# Kahr CW45 first impression



## kudu61 (Jun 27, 2009)

Hello, Took my new CW45 to the range for the 1st time today. I'm new to this forum but I've been a shooter, hunter,fisherman(sometimes fly fisherman) most of my life. Must say that I am favorably impressed with this CW45. Fired 50 rounds of Winchester(white box) hardballwith no FTF, no jams, very impressive accuracy. I believe felt recoil to be less than with my Kimber SLE 45 (commander size) although the Kimber is considerably heavier and it also shot to point of aim right out of the box. Will update again after the 200 round break in is complete.

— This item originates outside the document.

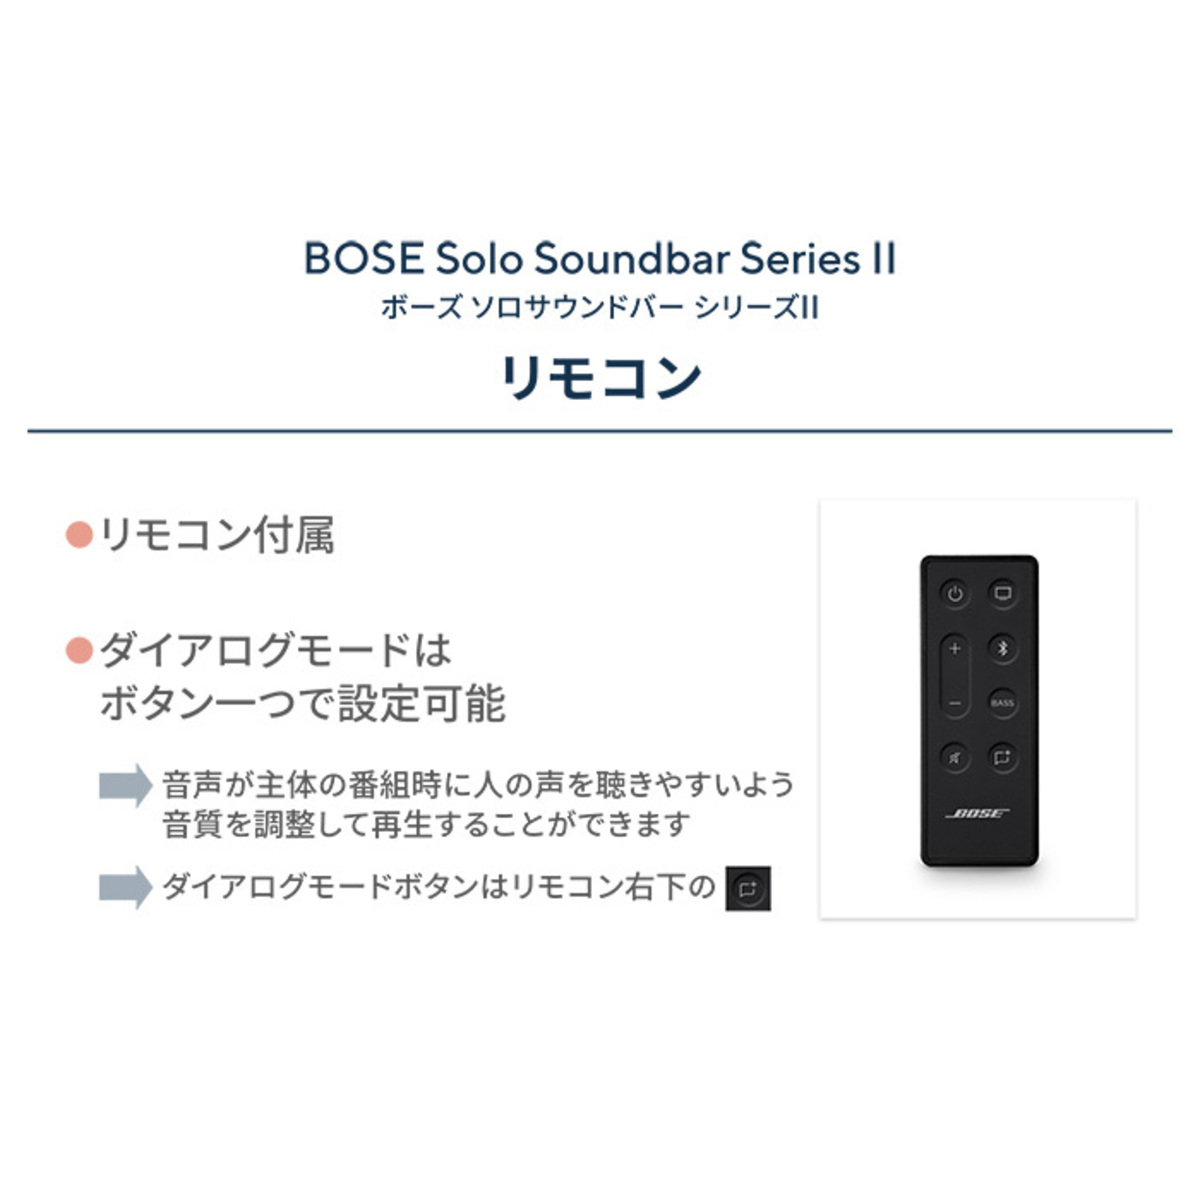 BOSE ソロ サウンドバー シリーズII BOSEボーズ   QVC.jp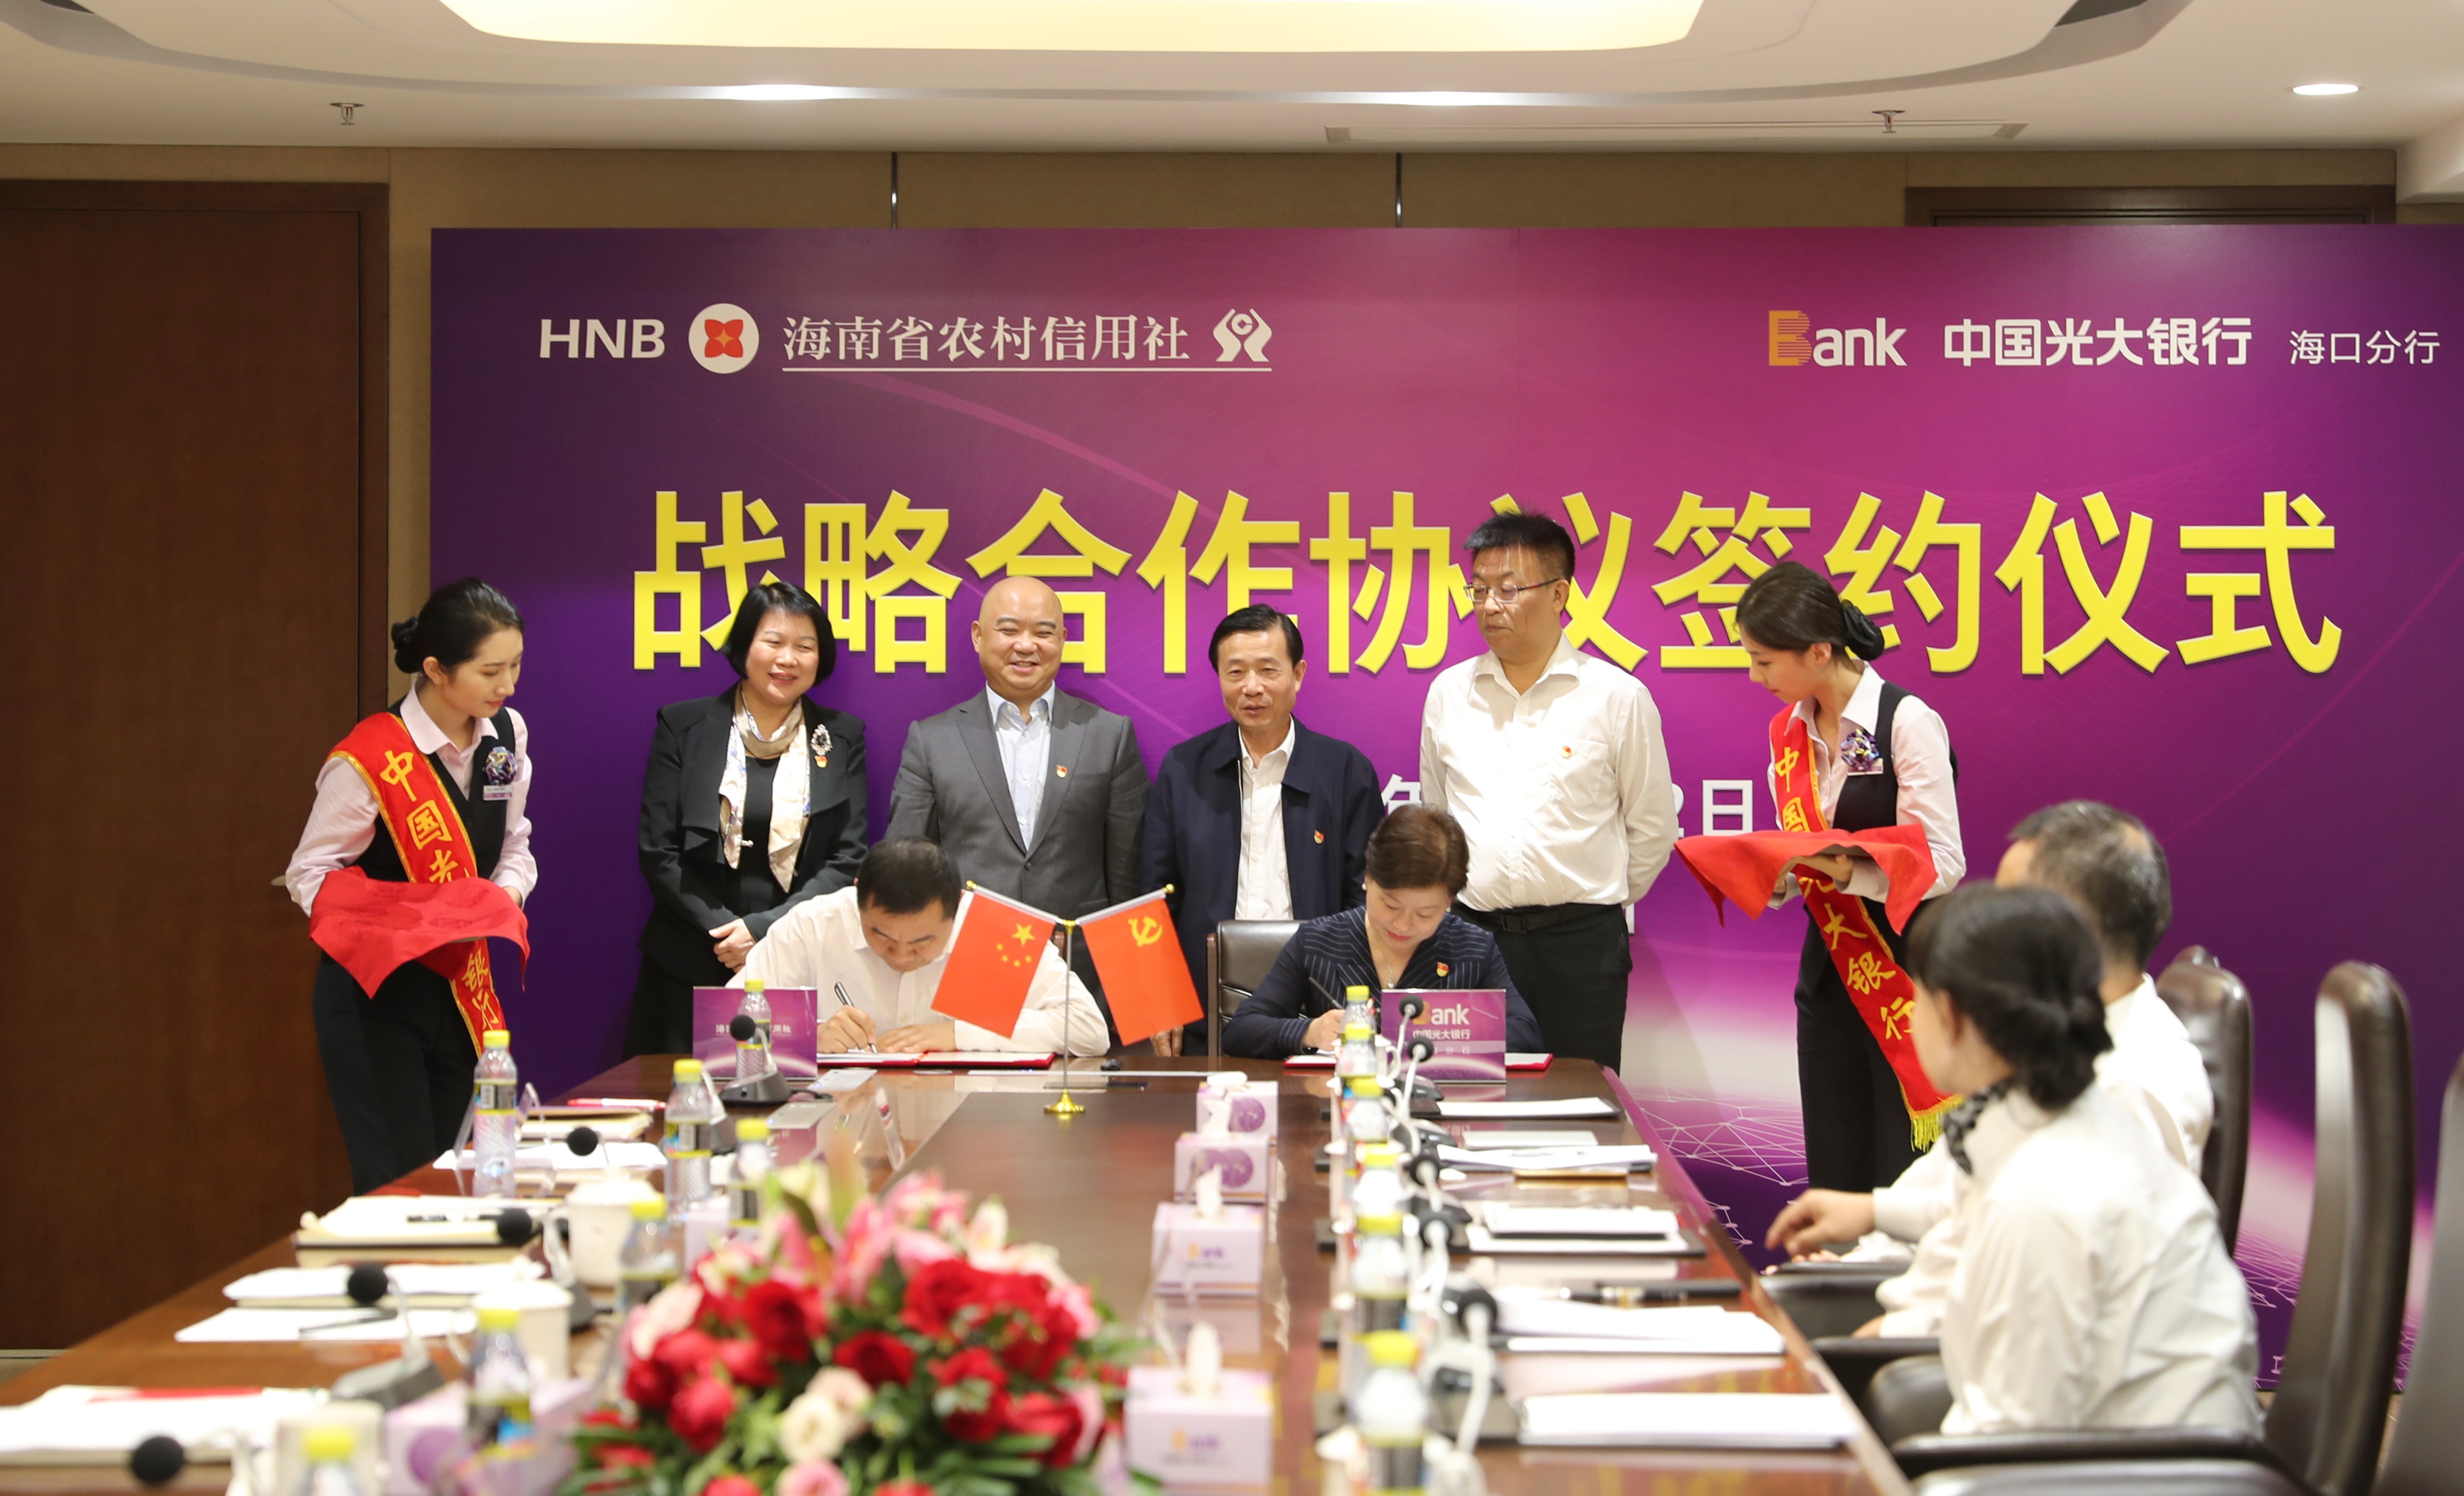 海南省农信社与光大银行海口分行签署战略合作协议

Sorry to read Gunny's post of problems. This is my 1st DAO pistol so the LONG trigger pull was foreign to me as my Kimber,Browning Challenger,Ruger Blackhawk and S&W 637 are all excellent. This Kahr' trigger was very light and smooth however.
Later,
Bill


----------



## GySgt1811 (Jul 4, 2009)

*CW45 reliability issue*

kudu61, I really think my experience was extreme. If my CW45 was the norm, Kahr would be in a world of hurt...and they are not. I do hope yours works out by helping to reinforce Kahr's good reputation. I have no complaints about their customer service. If you ever need to contact them, however, they do not seem to answer e-mails. A phone call works best and they do return calls from messages left on their voice mail. Let us know how your piece works out for you.

Semper Fi,

Echo 7 Charlie, out


----------